Component Initialization:

• tok_embed: An embedding layer that converts token IDs to dense vectors of size d_model
• pos: A SinusoidalPositionalEncoding layer that adds positional information to the embeddings
• blocks: A ModuleList containing n_layers TransformerBlock instances, each with the specified parameters
• ln_f: A final LayerNorm applied after all transformer blocks
• lm_head: A linear layer that projects from d_model dimensions to vocab_size, producing logits for next-token prediction

Weight Tying:

The code ties the weights of the token embedding (tok_embed) and the output projection (lm_head) with the line: self.tok_embed.weight = self.lm_head.weight. This parameter sharing technique reduces the total number of parameters and has been shown to improve performance in language models.

Forward Method:

The forward method defines the data flow through the model:

1. Takes token indices (idx) as input
2. Converts them to embeddings using tok_embed - resulting shape is [Batch, Time, Channels]
3. Adds positional information using the pos encoder
4. Sequentially processes the embeddings through each transformer block
5. Applies the final layer normalization (ln_f)
6. Projects to vocabulary logits using lm_head - resulting shape is [Batch, Time, Vocabulary]
7. Returns the logits for further processing (typically computing loss or generating predictions)
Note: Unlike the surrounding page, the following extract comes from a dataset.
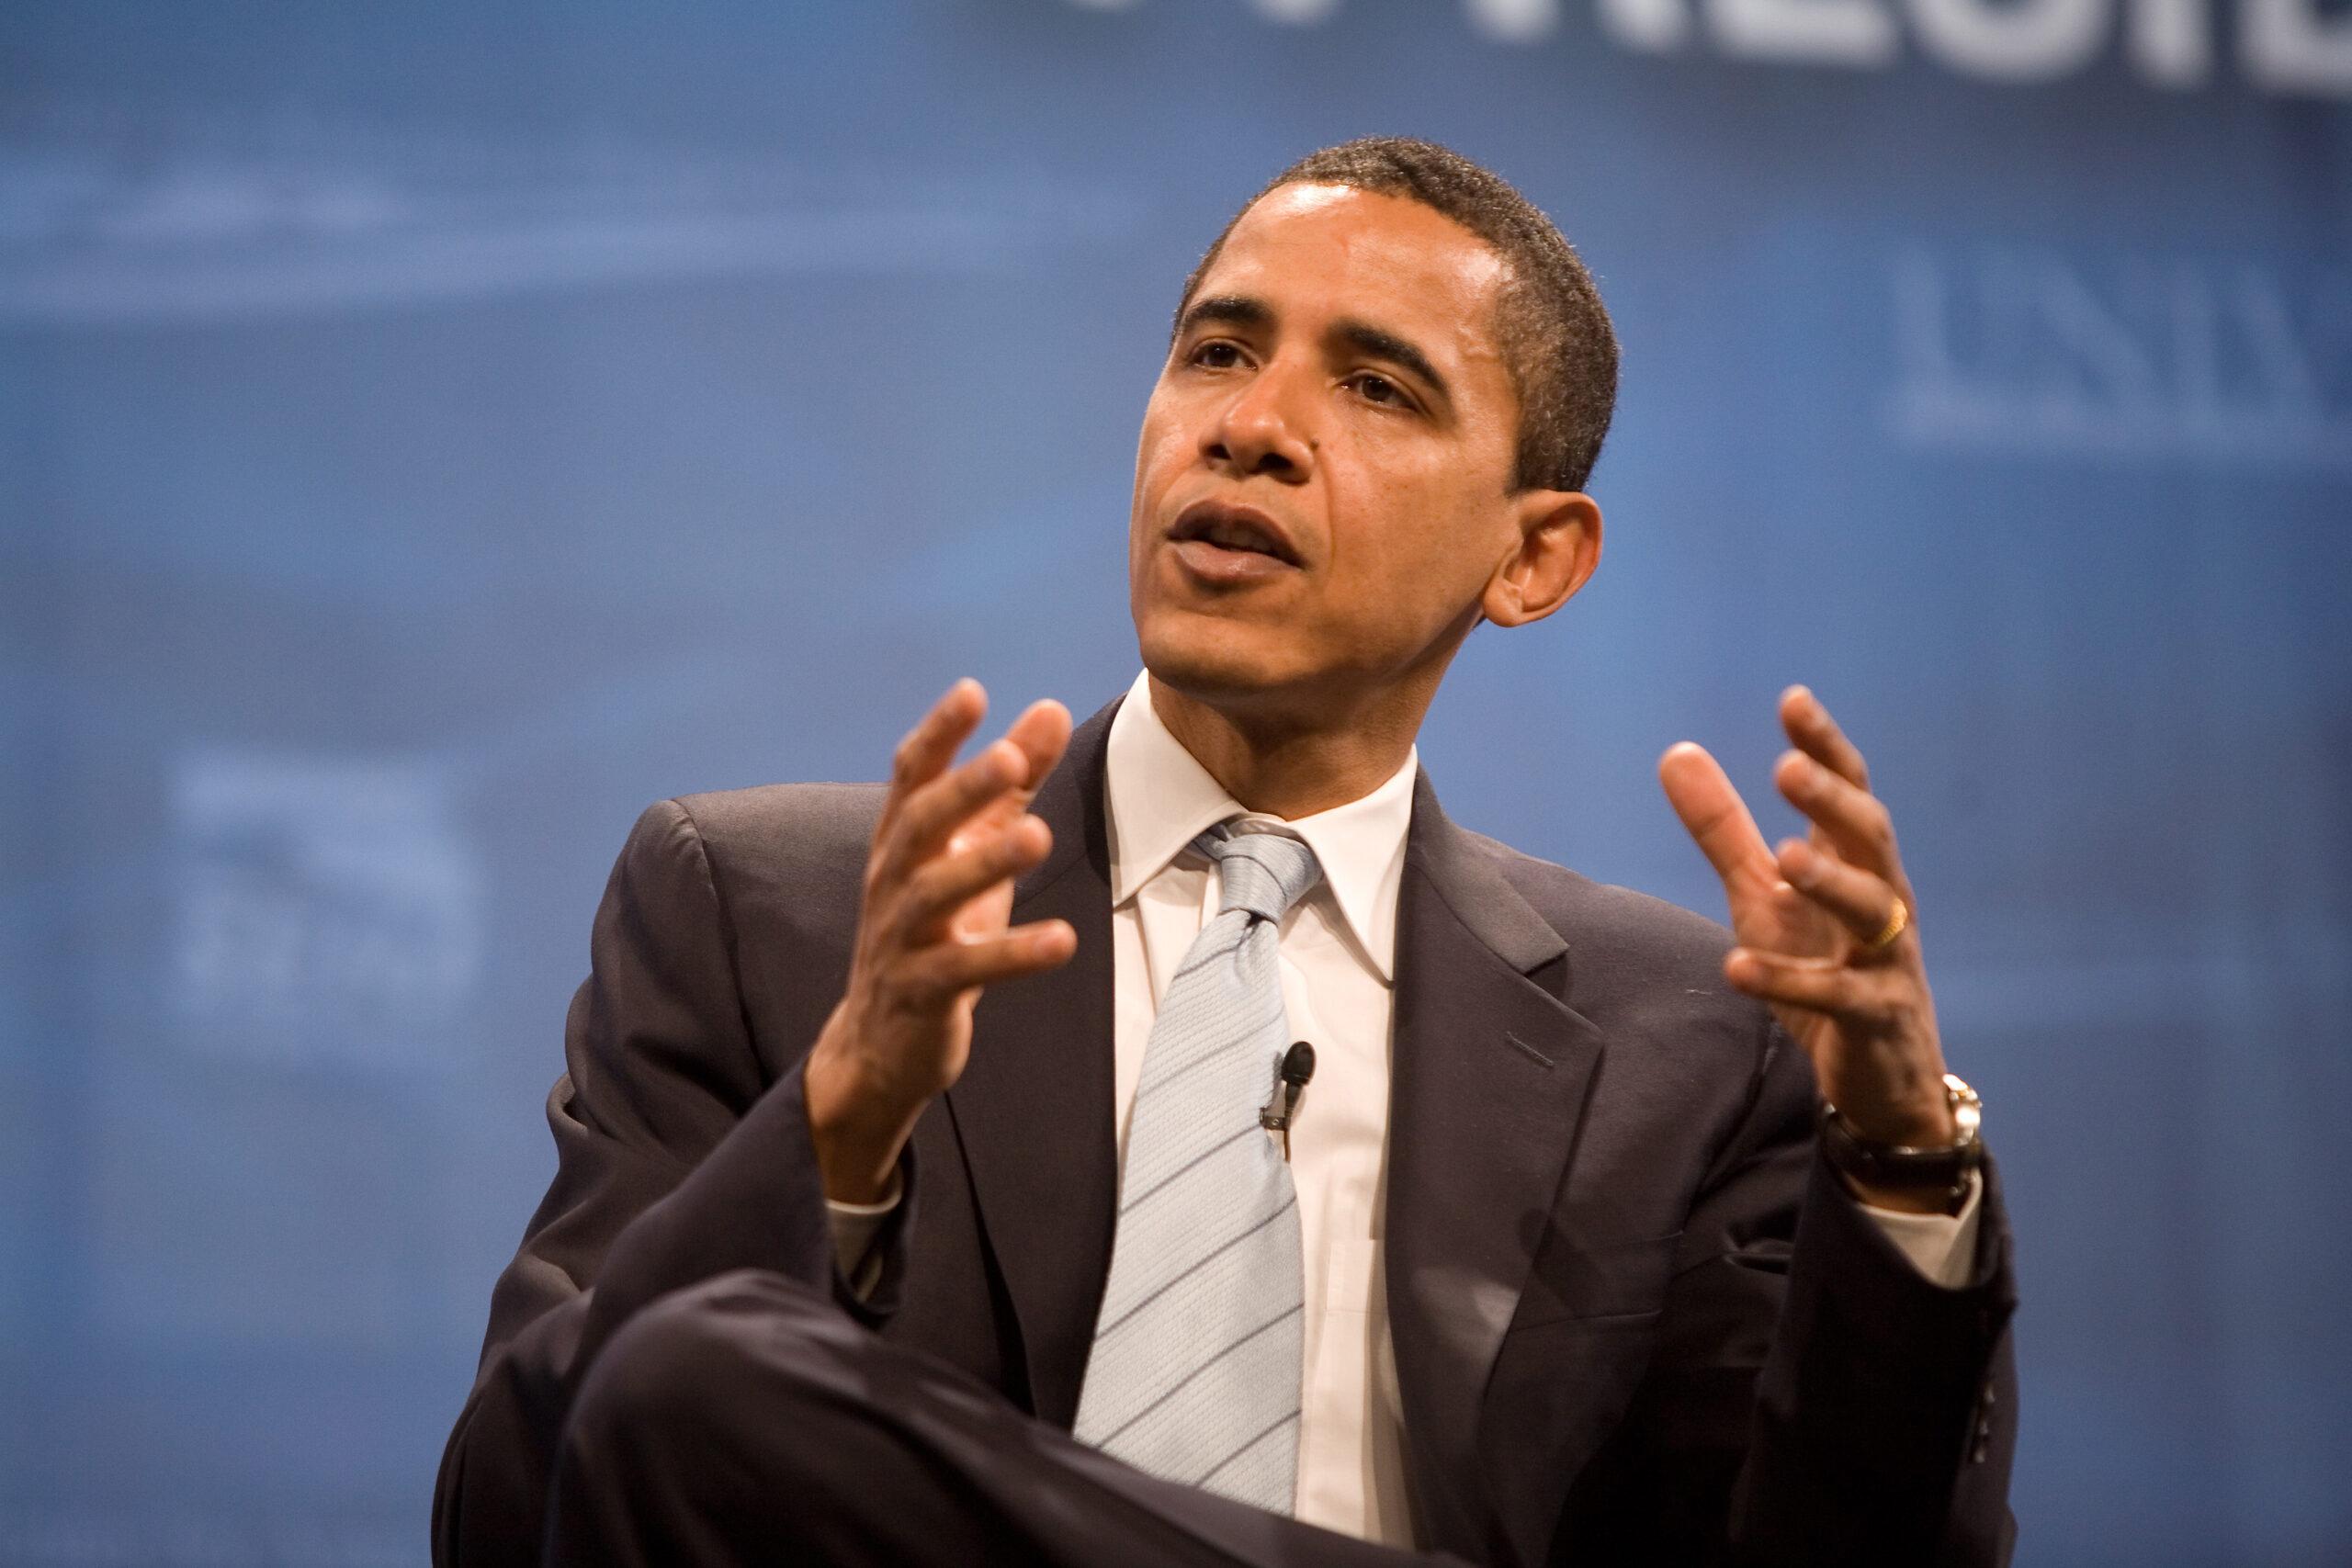 Obama criticizes GOP establishment

Architecture Significance:

This TinyGPT implementation represents a scaled-down version of modern decoder-only transformer architectures like GPT-2/3/4. Despite its simplicity, it contains all the essential components: token embeddings, positional encodings, self-attention mechanisms (via the TransformerBlock), and the final projection layer for next-token prediction.

The architecture follows a decoder-only approach, which means it's designed for autoregressive tasks like text generation where each token prediction depends only on previous tokens, not future ones.